Dietrich Bonhoeffer -1906 – 1945

Dietrich Bonhoeffer .1906 – 1945

« Alors, tout a changé. »

« Je me suis précipité dans le travail de façon non chrétienne. Une folle ambition, remarquée par certains en moi, m’a rendu la vie difficile et m’a ravi l’amour et la confiance de mes proches. Alors je fus terriblement seul et livré à moi-même. Ce fut très grave.

C’est alors que s’est produit  en moi quelque chose qui a changé ma vie jusqu’à aujourd’hui et l’a bouleversée. J’accédai pour la première fois à la Bible.

Cela aussi est très difficile à dire. J’avais déjà beaucoup prêché, j’avais déjà une grande expérience variée de l’Eglise, j’en avais parlé et écrit et pourtant je n’étais pas encore devenu chrétien.

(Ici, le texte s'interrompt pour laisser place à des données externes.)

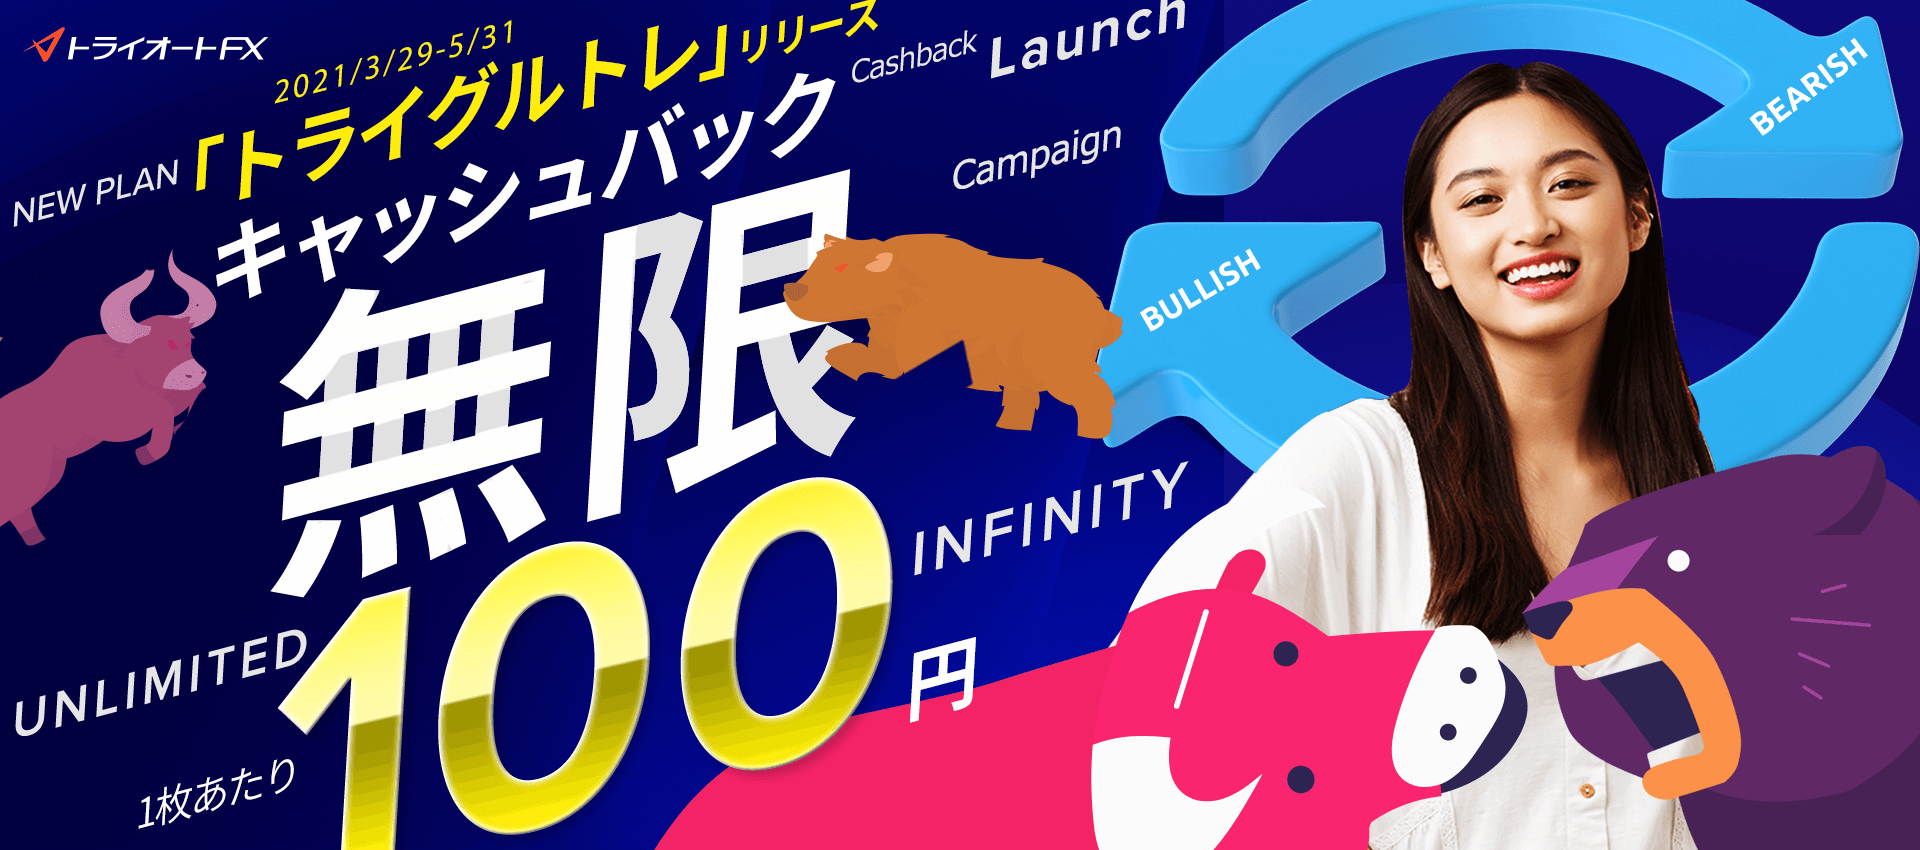 トライオートFX 無限キャッシュバックキャンペーン Newリリース「トライグルトレ」 1枚あたり100円キャッシュバック
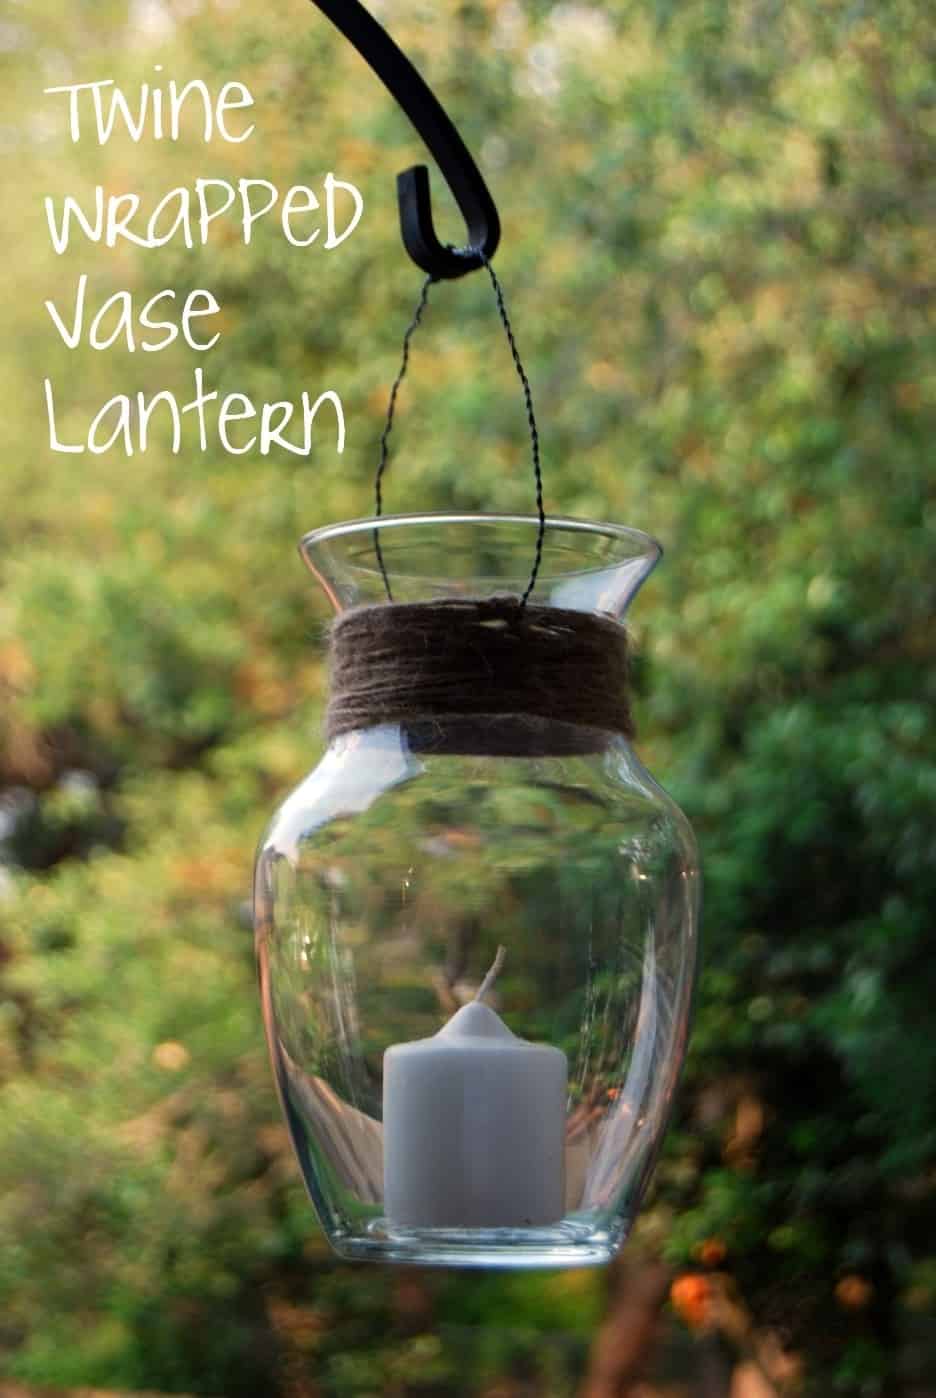 Vase lantern

Je le sais, j’ai autrefois fait de la cause de Jésus-Christ un avantage pour moi-même. Je demande à Dieu que cela ne se reproduise plus jamais. De même je n’avais encore jamais prié, ou si peu. Dans un tel état d’abandon j’étais pourtant satisfait de ma personne. C’est de cela que la Bible m’a libéré et tout particulièrement leSermon sur la montagne Alors, tout a changé. »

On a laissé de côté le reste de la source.